**WORK REQUIRED**:
So that the copy stays text only, transcribe the data below exactly and exclude the images.

**COLLECTED DATA**:
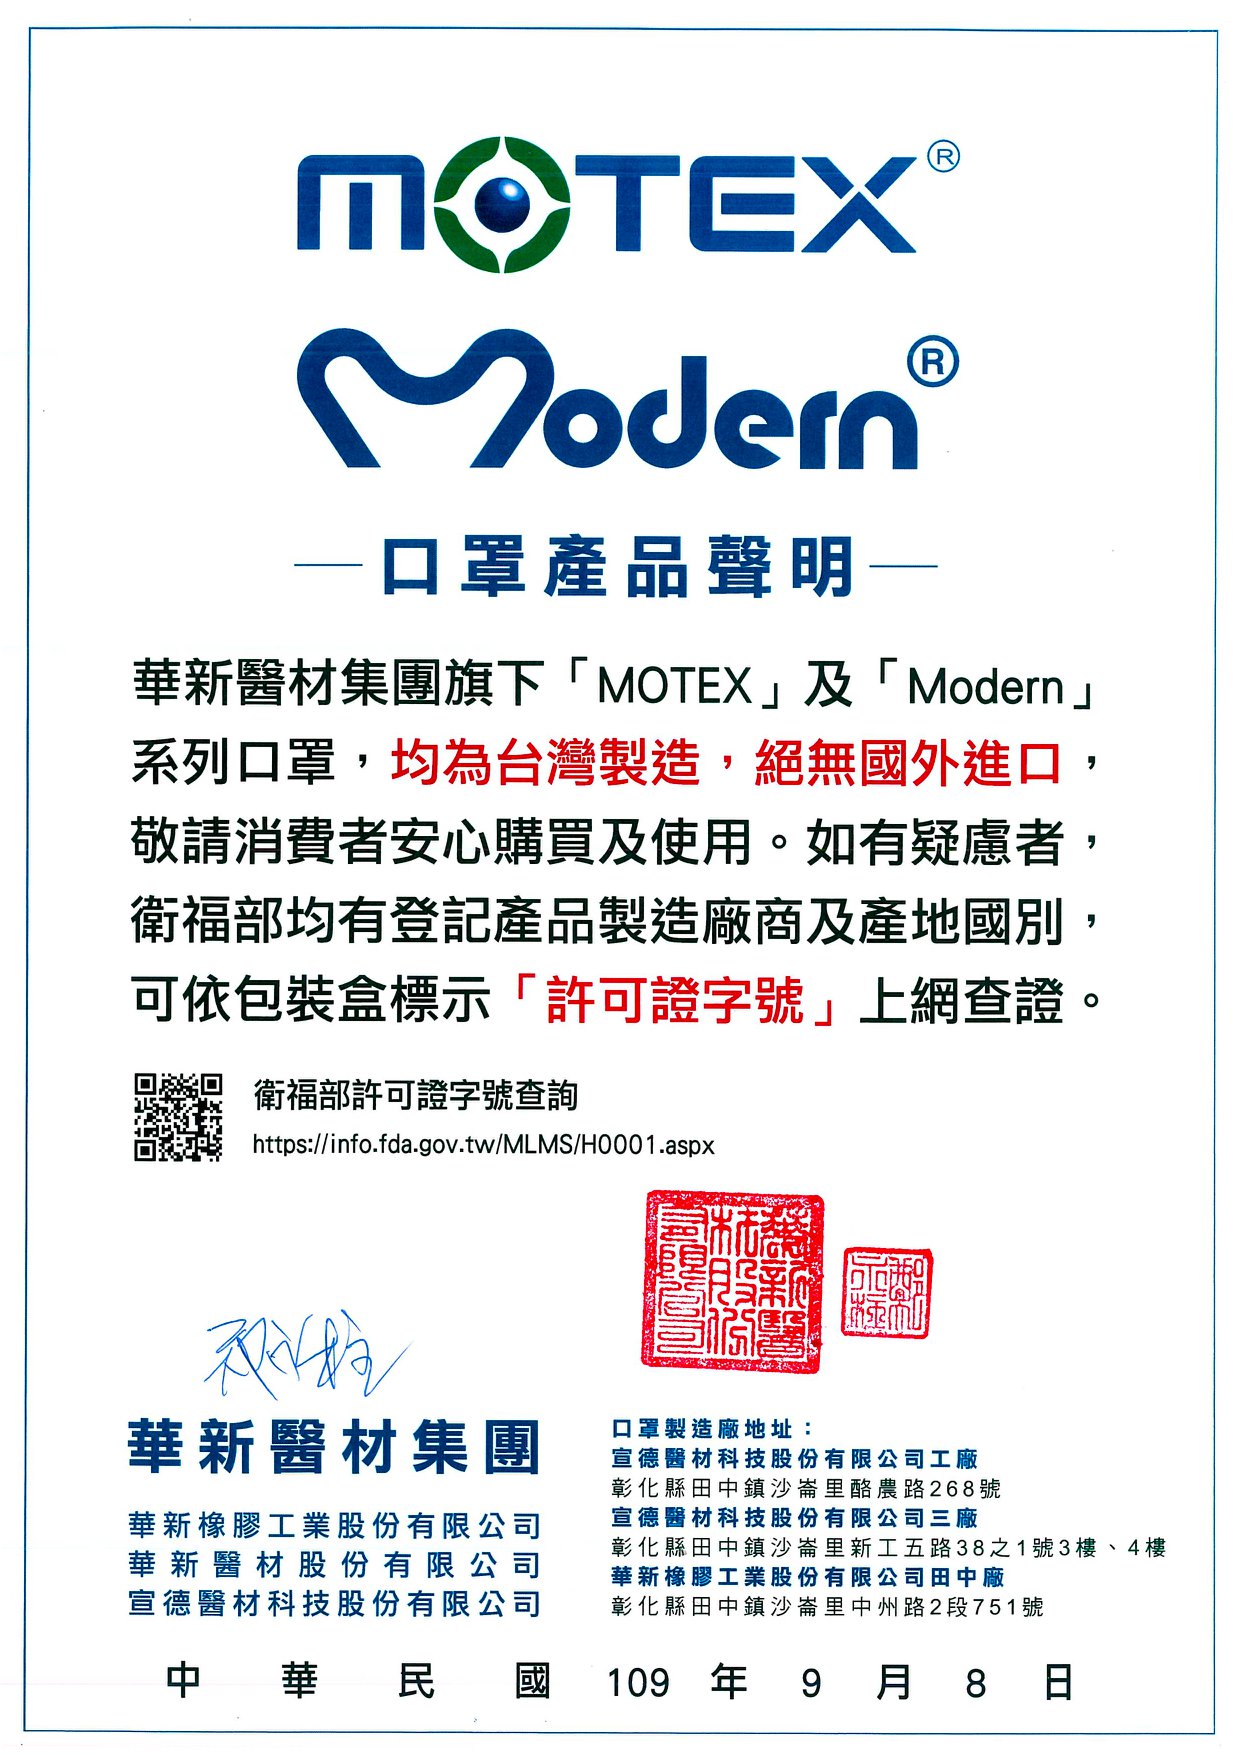 「MOTEX」及「Modern」系列口罩均為台灣製造
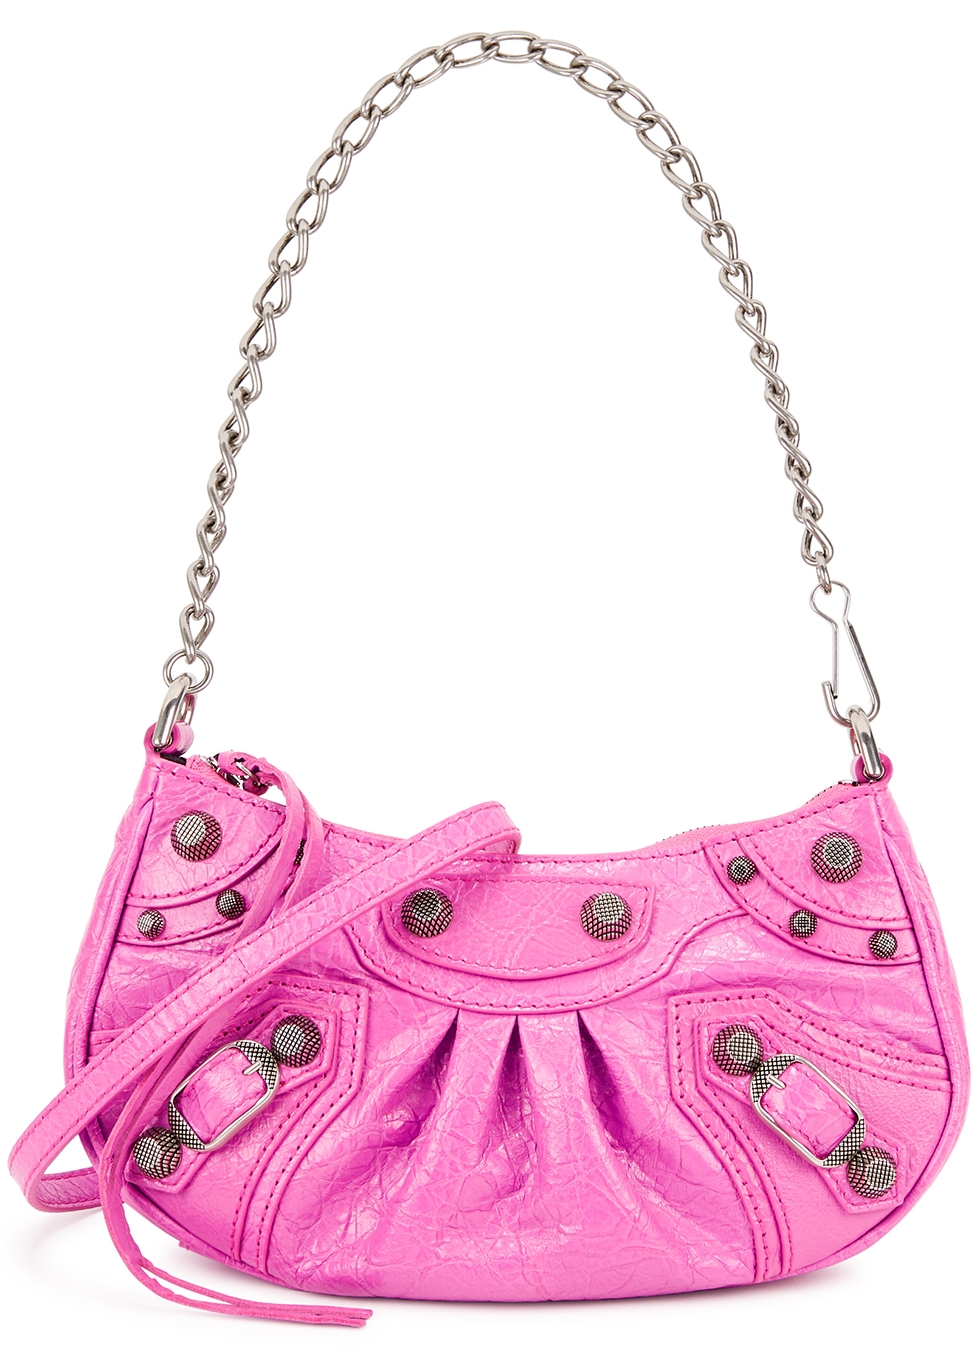 Balenciaga Le Cagole mini pink leather cross-body bag - Harvey Nichols
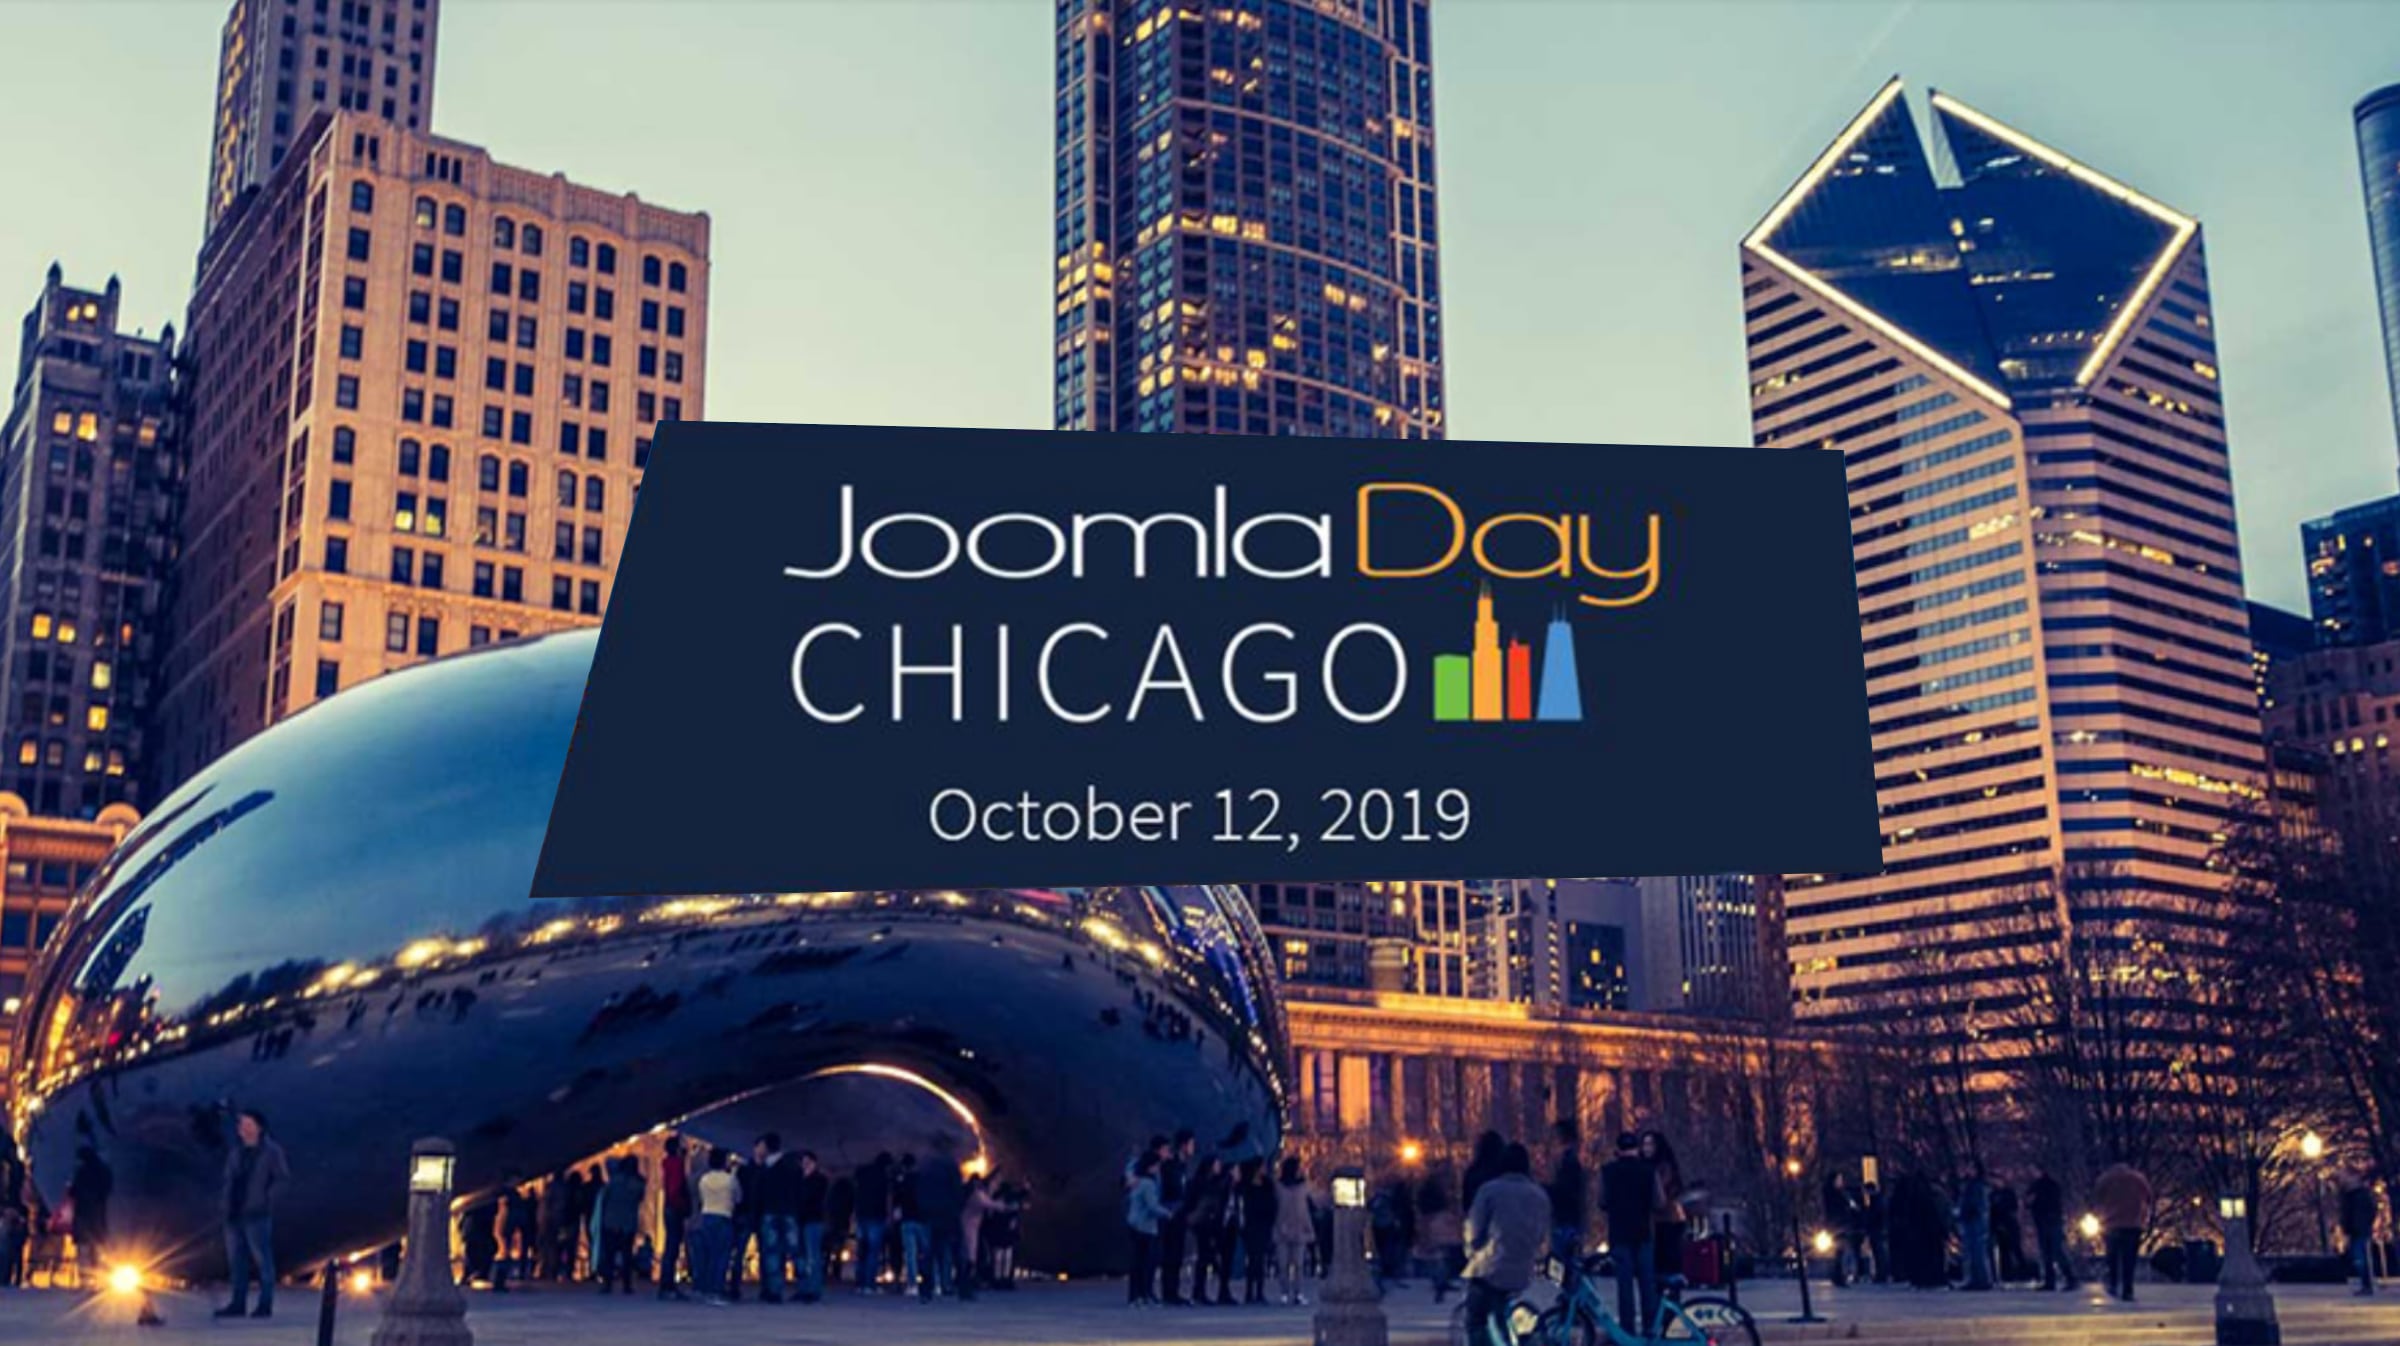 JoomlaDay Chicago

**REPLY**:
 「MOTEX」及「Modern」系列口罩均為台灣製造
 Balenciaga Le Cagole mini pink leather cross-body bag - Harvey Nichols
 JoomlaDay Chicago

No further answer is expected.